Dyer's principal work was scholarly or serious; but he had his lighter moments too, when he wrote verses, some of them quite sprightly, and moved socially from house to house. In the letter to Southey on page 172 we have seen something of George Dyer's attitude to poetry. The subject is continued in a letter to Wordsworth, some years later. “To G. D. a poem is a poem. His own as good as anybodie's, and God bless him, anybodie's as good as his own, for I do not think he has the most distant guess of the possibility of one poem being better than another. The Gods by denying him the very faculty itself of discrimination have effectually cut off every seed of envy in his bosom. But with envy, they excided Curiosity also, and if you wish the copy again, which you destined for him, I think I shall be able to find it again for you—on his third shelf, where he stuffs his presentation copies, uncut. …” Lamb adds that he recently gave Dyer his Works, and without any scruple rescued the copy after a little while and made it over to John Stoddart.

Dyer's principal verses are to be found in his Poems, 1800. This book originally was to consist of two volumes, one containing poetry and the other criticism; but its author altered and changed his plan, and it was ultimately sent to the printers in one volume with sixty-eight pages of preface.
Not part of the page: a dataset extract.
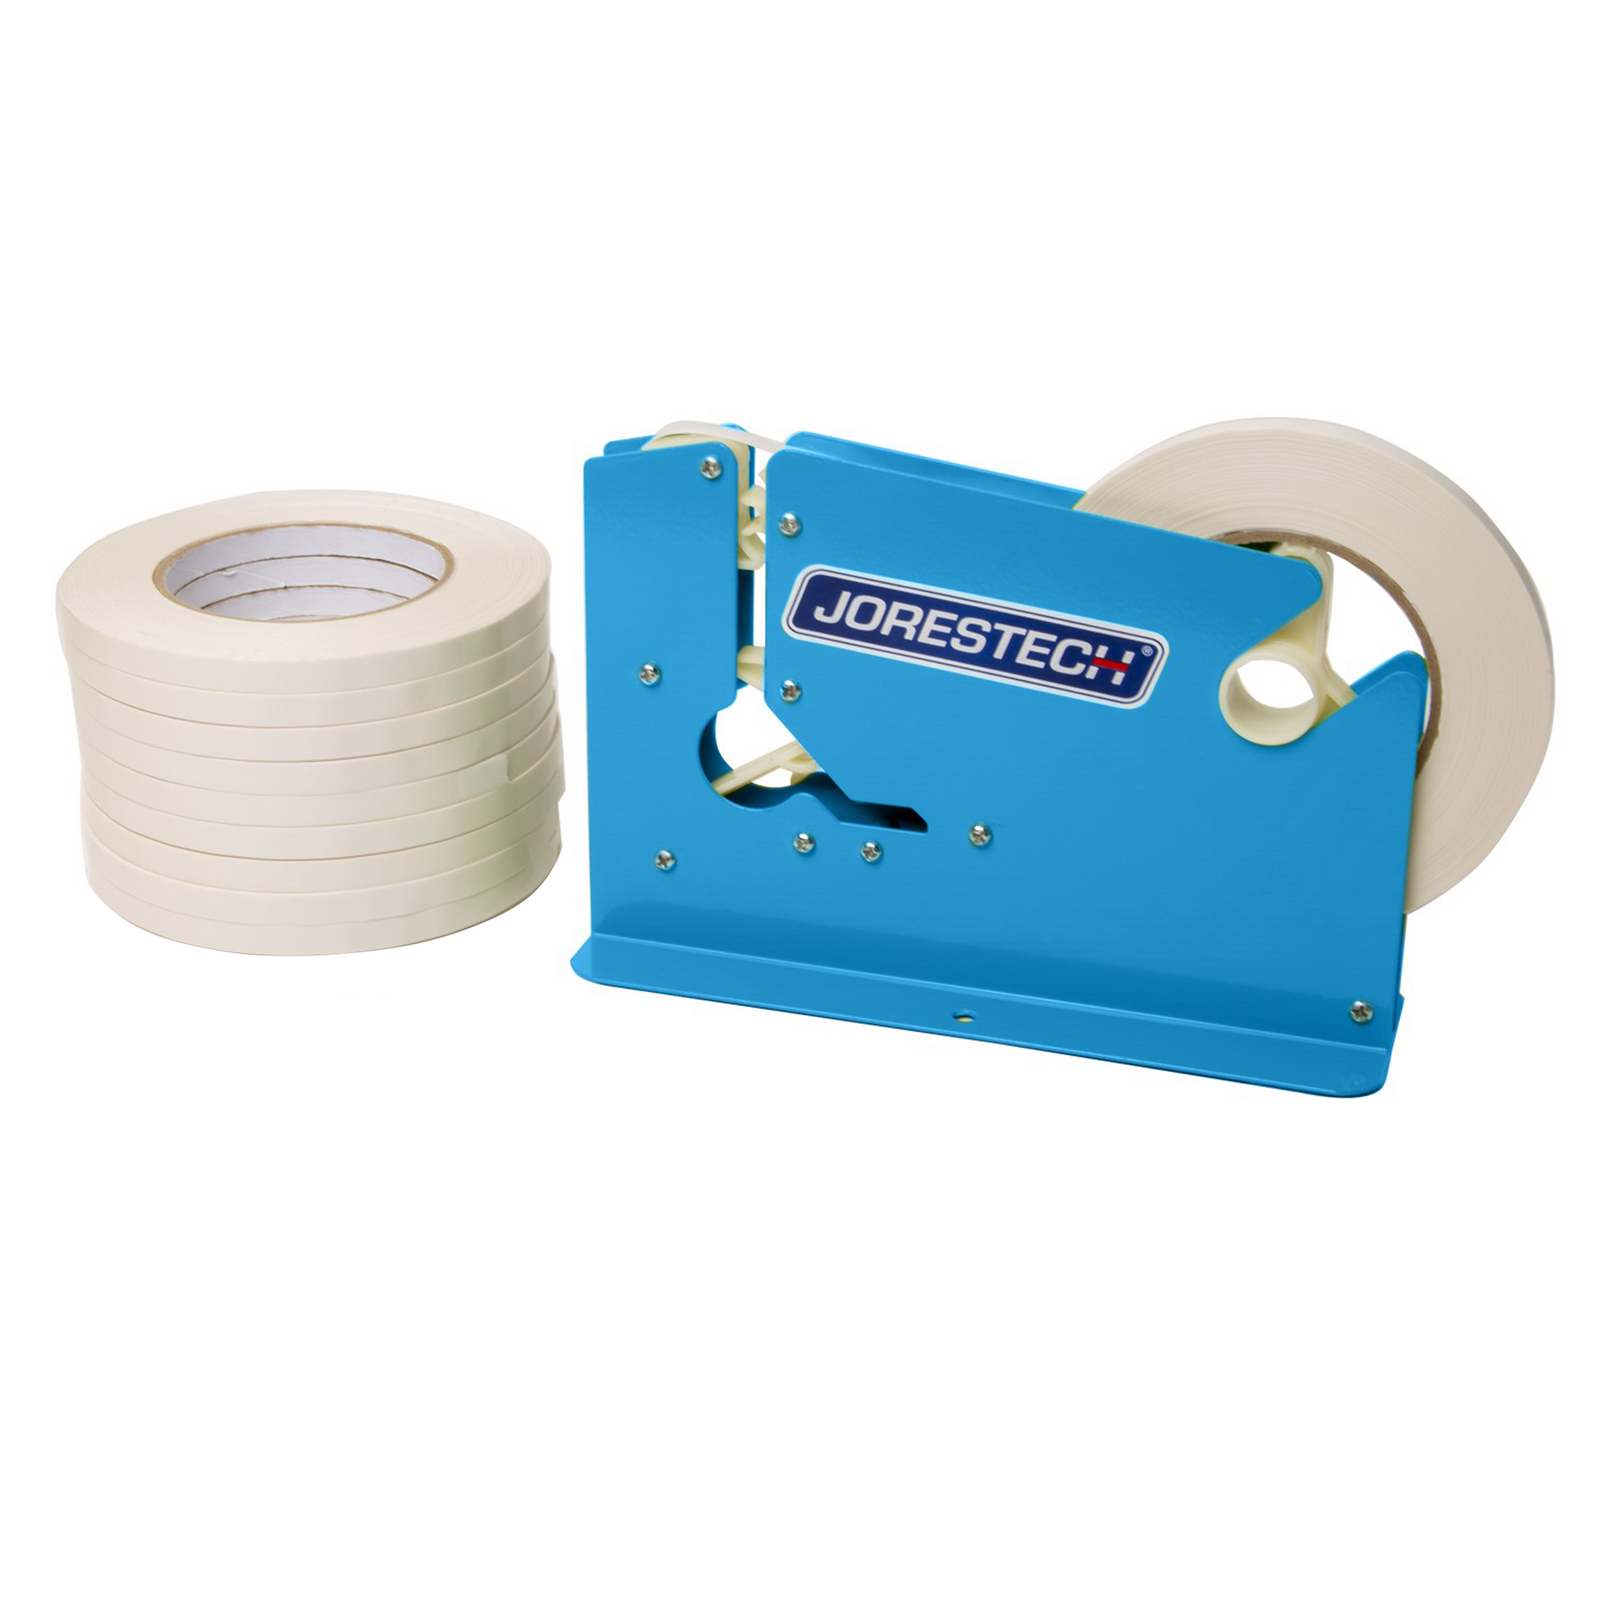 A JORESTECH powder coated blue manual bag taper with 10 white self adhesive tape rolls over white background

And then occurred a tragedy, for just after the book was ready Dyer suddenly realised that he had committed himself in this preface to a principle in which he did not really believe. Lamb tells the story in a letter to Manning in December, 1800:—

“At length George Dyer's phrenesis has come to a crisis; he is raging and furiously mad. I waited upon the heathen, Thursday was a se'nnight; the first symptom which struck my eye and gave me incontrovertible proof of the fatal truth was a pair of nankeen pantaloons four times too big for him, which the said Heathen did pertinaciously affirm to be new.

“They were absolutely ingrained with the accumulated dirt of ages; but he affirmed them to be clean He was going to visit a lady that was nice about those things, and that's the reason he wore nankeen that day. And then he danced, and capered, and fidgeted, and pulled up his pantaloons, and hugged his intolerable flannel vestment closer about his poetic loins; anon he gave it loose to the zephyrs which plentifully insinuate their tiny bodies through every crevice, door, window or wainscot, expressly formed for the exclusion of such impertinents. Then he caught at a proof sheet, and catched up a laundress's bill instead—made a dart at Blomfield's Poems, and threw them in agony aside. I could not bring him to one direct reply; he could not maintain his jumping mind in a right line for the tithe of a moment by Clifford's Inn clock. He must go to the printer's immediately—the most unlucky accident—he had struck off five hundred impressions of his Poems, which were ready for delivery to subscribers, and the Preface must all be expunged. There were eighty pages of Preface, and not till that morning had he discovered that in the very first page of said Preface he had set out with a principle of Criticism fundamentally wrong, which vitiated all his following reasoning. The Preface must be expunged, although it cost him £30—the lowest calculation, taking in paper and printing! In vain have his real friends remonstrated against this Midsummer madness. George is as obstinate as a Primitive Christian—and wards and parries off all our thrusts with one unanswerable fence;—‘Sir, it's of great consequence that the world is not misled!’”. …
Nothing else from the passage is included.